Mention the war – but tell them we’re not part of it, PM tells council election candidates
Sir Keir Starmer says energy bills are residents' chief worry
Friday, 3rd April — By Richard Osley

Sir Keir Starmer with Labour councillor Izzy Lenga
SIR Keir Starmer told Labour candidates not to let themselves get blamed for people’s rising bills as he helped them launch their council election campaign on Saturday.
And while the local party often insists it should only be about issues here in Camden and not international policy, the prime minister said he didn’t mind them telling people on the doorstep about the United States and Israel’s conflict with Iran.
As long as it was clear, that is, the UK would not be getting drawn in. “I know that what you will encounter on the doorstep is what all of us are encountering – it’s that people are really worried about the conflict in Iran,” he said.
“They know we are now facing a war on two fronts: the Ukrainian war – now four-plus years in – that’s had a huge impact, and now this Iran conflict.
“People are really worried when they see on the screens the missiles, the strikes, the casualties, the infrastructure that’s being damaged and they know the dangers of escalating this.
“And they know deep down in their hearts that this is going to impact on them and they are worried about that. We have to reassure them.”

Georgia Gould with Nanouche Umeadi
While big vocal opponents of Brexit, Labour organisers have tried to steer clear of discussion of foreign policy in recent years amid tensions over Israel and Palestine.
Some canvassers have privately said they are not 100 per cent clear what should and shouldn’t be said when the issue comes up on the doorstep as the May 7 polls get closer.
Councillors have said that focus should be given to debates on policies they have direct control over.
Now in the wake of US President Donald Trump’s assault on Iran and the punishing fuel prices coming out of the conflict, Mr Starmer said it had to be made clear that the government was protecting people with a three-month reduction in energy bills.
“That will be part of what we do on the doorstep,” he said.
“I think the energy bills is thing that people are most worried about because they can see what is happening with the price of oil and they are translating that into what’s going to happen in their household.”

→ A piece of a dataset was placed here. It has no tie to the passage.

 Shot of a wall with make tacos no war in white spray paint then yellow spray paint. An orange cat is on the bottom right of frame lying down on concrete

Sir Keir Starmer gets a hug from Livia Paggi, a new candidate in Holborn and Covent Garden
He said polling showed that the majority of people did not know that Labour had made a move to help cut bills until June.
It is not clear at this stage what the price will hit when colder months return later in the year.
The Holborn and St Pancras MP was the not-so-surprise guest as the Labour election team on his home turf began the local campaign run-in.
This was a large get-together in the hall of the London Irish Centre in Camden Town on Saturday morning.
The party scored a landslide majority at the 2022 local elections – and has only once lost control of the council in the past 55 years.
But national poll ratings have been poor and there have been suggestions that residents disappointed by Labour’s performance since returning to government will look to give the prime minister a bloody nose in what has repeatedly been called “Starmer’s backyard”.
The party is facing challenges from the opposition Liberal Democrats and a surging Green Party, as well as potential independent candidates ready to put Gaza – and a call for divestment of council pension fund deposits in arms companies – at the centre of their campaigns.

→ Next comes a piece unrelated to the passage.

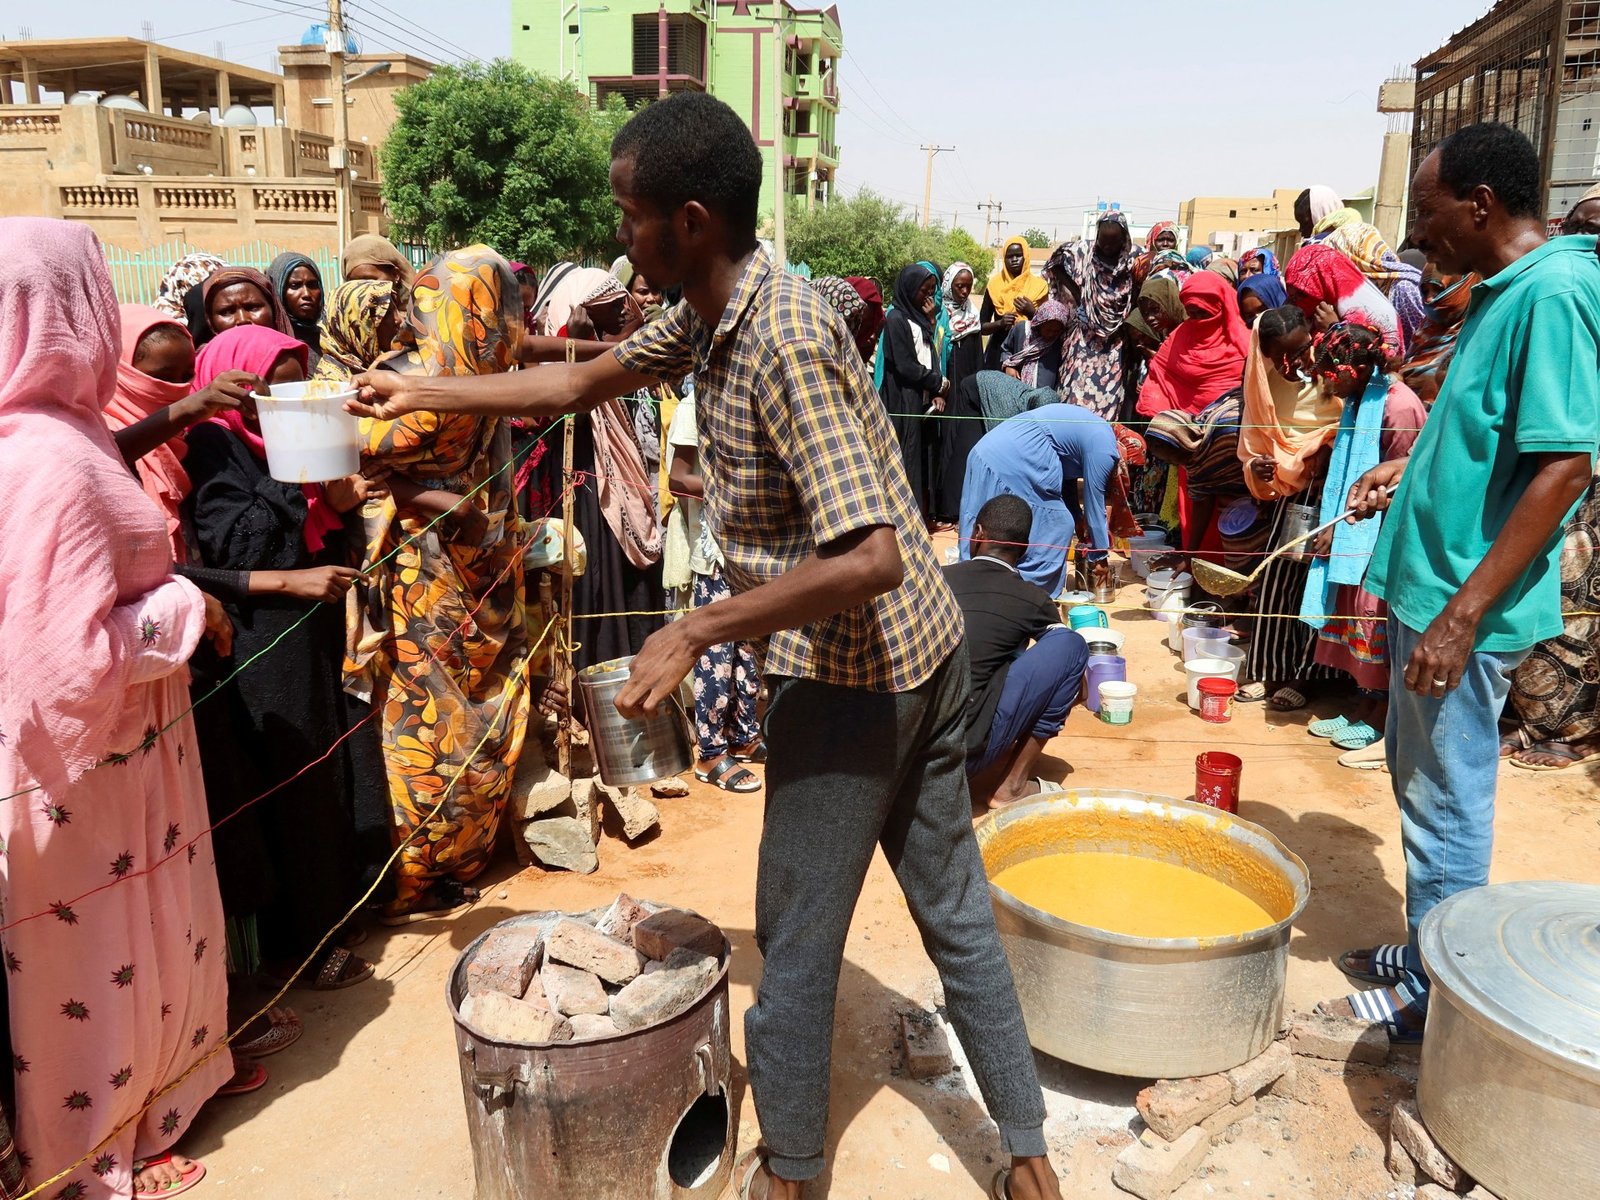 People ‘dying of starvation’ in Sudan, UN food agency says | Hunger News

Labour councillor Rishi Madlani gets a snap of Sir Keir Starmer during his speech
The Tories are hoping to make gains in Primrose Hill while the Reform factor is an unknown in this part of north London, even if it has hardly revealed itself as a force before.
Mr Starmer said that candidates should stand on the council’s “brilliant track record”.
Asked by the New Journal after his speech whether Labour candidates were under greater pressure this time around as their performance at the polls could have a direct influence on his future in Downing Street, he said: “Obviously what the national government is doing matters to residents, and I think across Camden the vast majority of residents will be saying ‘we don’t want to get dragged into a war with Iran’. I think they are with the government on that.
“What the national government does matters but there’s a really good set of candidates here. Camden is a good, well run council – people understand that and therefore it’s important to give them the chance to continue to do that. They go in with their own track record.”

Hampstead and Highgate MP Tulip Siddiq at the launch
Other speakers at the launch included Hampstead and Highgate MP Tulip Siddiq; the Kilburn councillor Nanouche Umeadi, who talked about being a councillor while raising two children on her own; and Livia Paggi, one of the new candidates in Holborn and Covent Garden.
Georgia Gould, who was the leader of the local party, at the last boroughwide elections sat in the audience.
She left halfway through the term to become an MP in Queen’s Park and Maida Vale.